Craig Morris, a specialist in Peru archaeology at the American Museum of Natural History, who did not take part in the research, said, "Their use of slope and management of water flow shows again that ancient people were a lot smarter and more observant than we often give them credit for." Jonathan Haas, an archaeologist at the Field Museum in Chicago who has excavated urban sites elsewhere in Peru's coastal valleys, called the canal discovery "a difficult and brilliant piece of work."
    In their own excavations, Dr. Haas and Winifred Creamer of Northern Illinois University have uncovered remains of urban centers of a complex agricultural society that flourished 5,000 years ago in valleys in a region known as Norte Chico, or Little North. Such an arid region would have had to have irrigation to have agriculture, especially on an apparently large and prosperous scale.
    Dr. Haas said the new discovery appeared to show the early irrigation technology that the people of Norte Chico then adopted and expanded to "bring about a cultural transformation" 400 years later. It is not just that a single group or culture developed such irrigation techniques, but that they were scattered all over the Peruvian landscape, and varied in design according to the needs of a particular local.
The five-mile long ancient aqueduct at Cumbemayo about 12 miles southwest of Cajamarca at 11,000-feet elevation in north central Peru

As an example, the ancient people of Peru built water-moving and preserving technologies like the above-ground aqueducts at Cumbe Mayo (Cumbemayo) in the midst of a number of petroglyphs carved into rocks, and the stone mountain region called the “stone forest,” and the Moche, or the underground water system like those found of the Nazca, which were called Puquios, or the terraced gardens of the Huari.
The ingenious underground puquios irrigation system of the Nazca culture in southwest Peru

In fact, the Cumbemayo aqueducts at one time were thought to be the oldest in the Americas, dating to some time around 1500 BC, however, they have never been dated and may be older.
Left: layered aqueduct for a large amount of water being moved; Right: zig-zag flows carved into the bed rock to slow the flow of water so sediment will drop to the bottom and clean the water

In addition, Andean irrigation techniques included terracing of the hill and mountain sides to take advantage of additional planting space. Some of these terraces were quite steep and required workers to haul up stone to construct the retaining walls for each level, then haul up the soil to fill in the terraces, and finally haul up the seed and water for planting.
However, in doing so, the ancient Peruvians were able to adapt the steep land of the Andes Mountains for farming, including the Chavin, the Moche, and the Chachapoyas as well as numerous other groups who built terraces, or andenes, into the sides of hills.
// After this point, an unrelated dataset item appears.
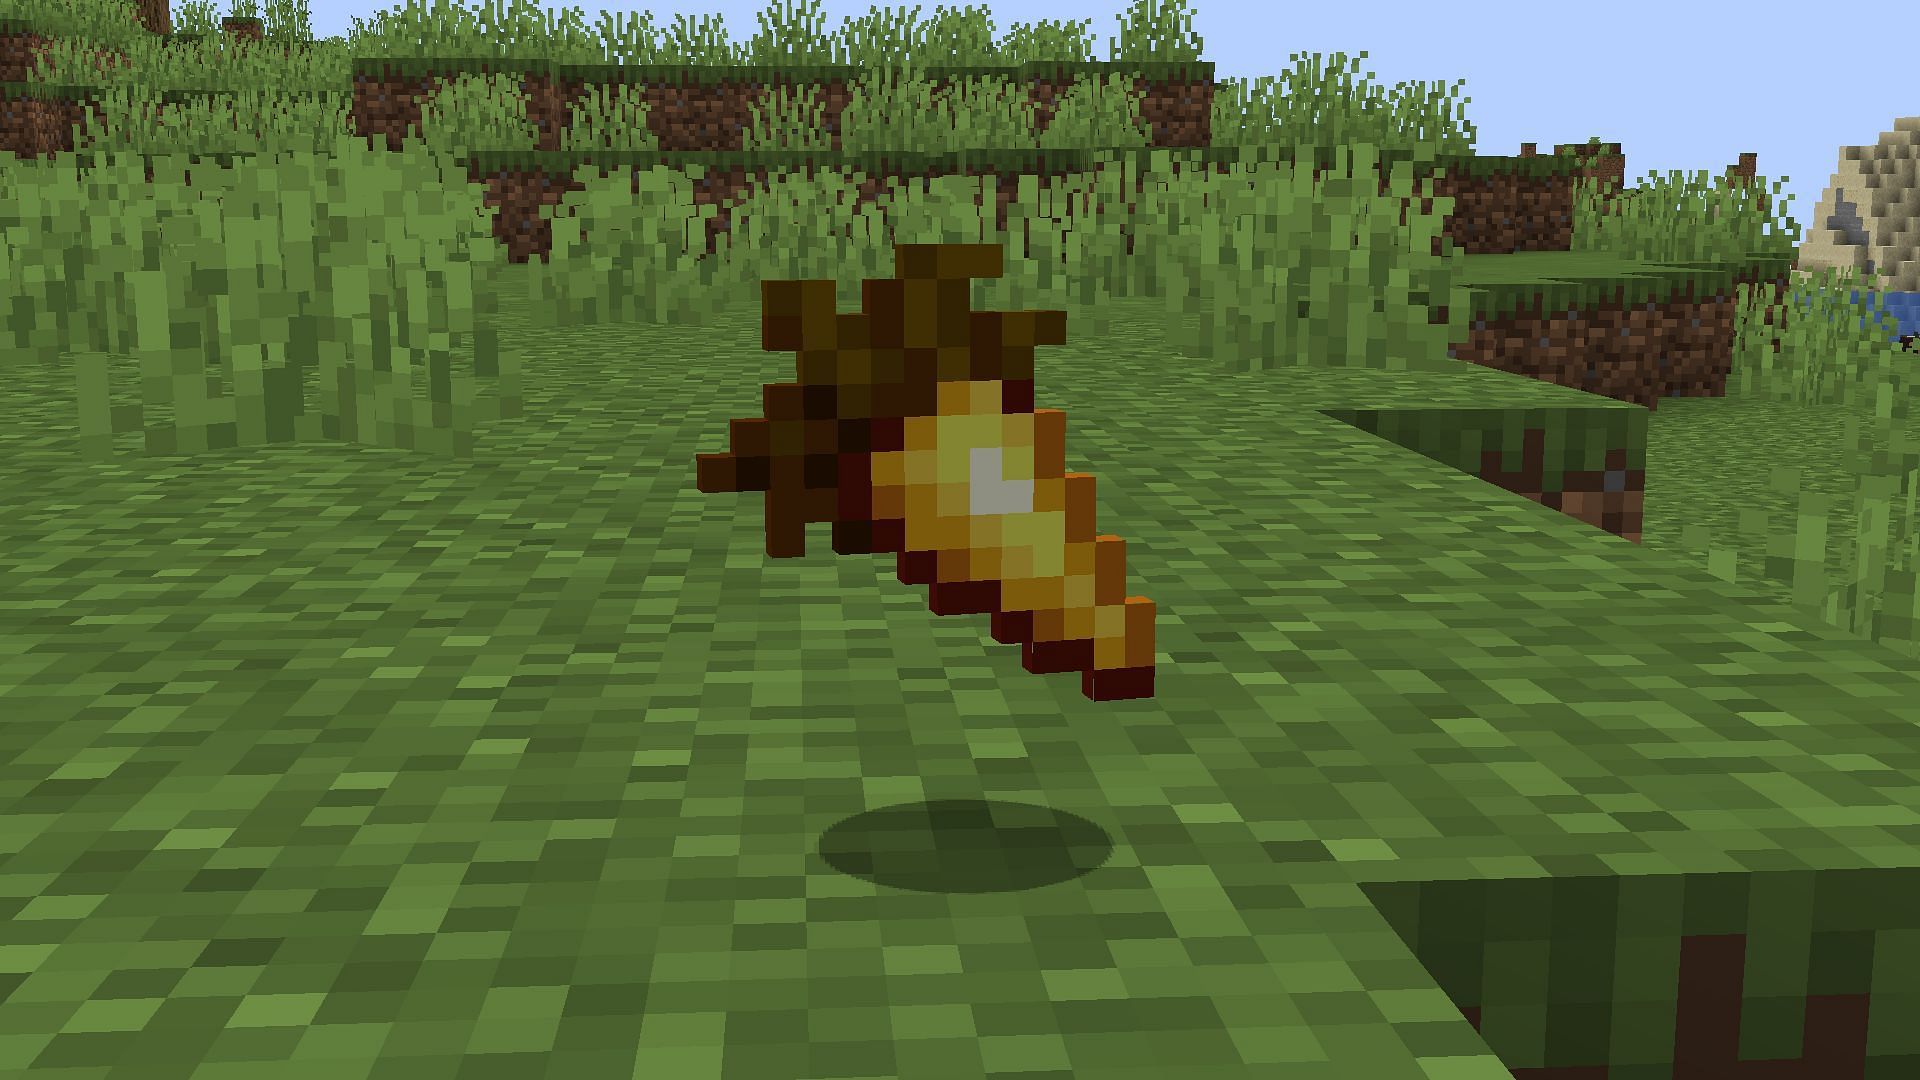 Golden carrot is the best food item to breed horses in Minecraft (Image via Mojang)
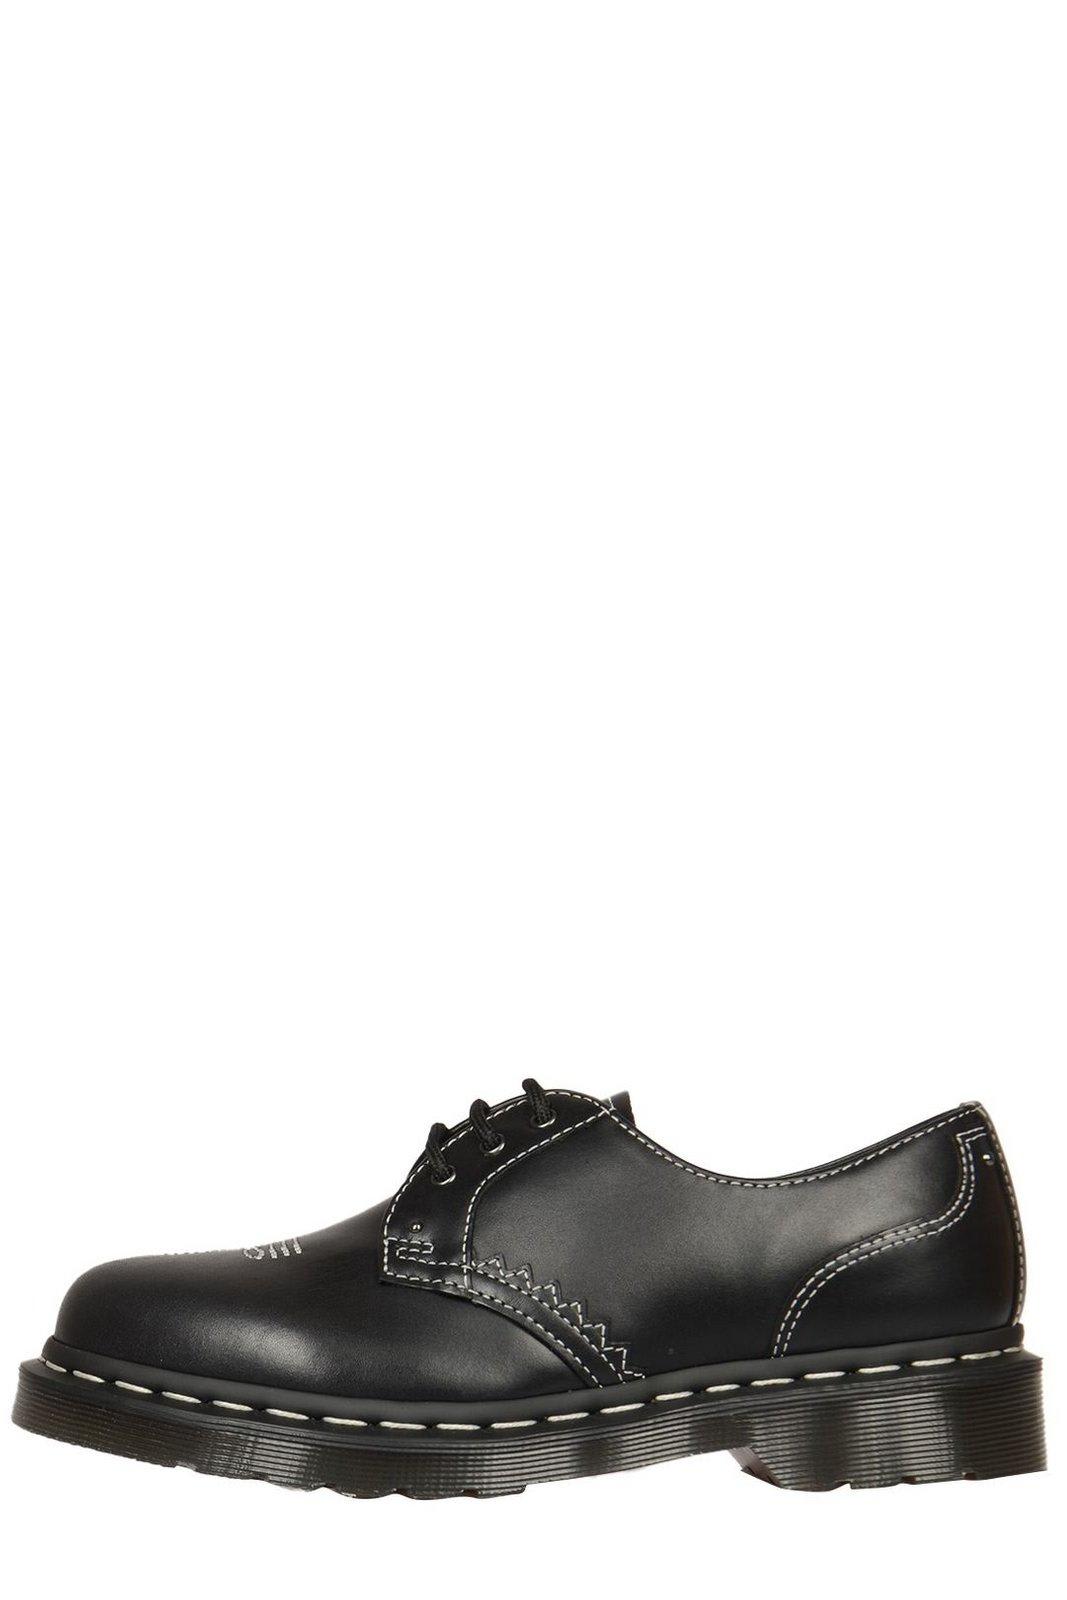 1461 Gothic Amerciana Oxford Shoes

The andenes reduced soil erosion that would normally be high on a steep hill, and many of these terraces are still used today, which waters fields with a system of reservoirs and cisterns to collect water, which was then distributed by canals and ditches.
Terraced planting along the mountain side near Machu Picchu

The one thing that has always marked the Lord’s people is their extensive effort in the irrigation of lands, fostering the Biblical phrase of “Turning the desert into a rose,” in regard to making the Judean desert blossom, as well as so labeling that of the Saint’s work in the desert of Salt Lake Valley. Once again, in the Andean coastal deserts and the hills and Mountains with terraced irrigation both in the highlands and the lowlands, in remarkable ancient canals and channels, bringing water from the mountains to the water-starved lands below, especially along the coastal shelf.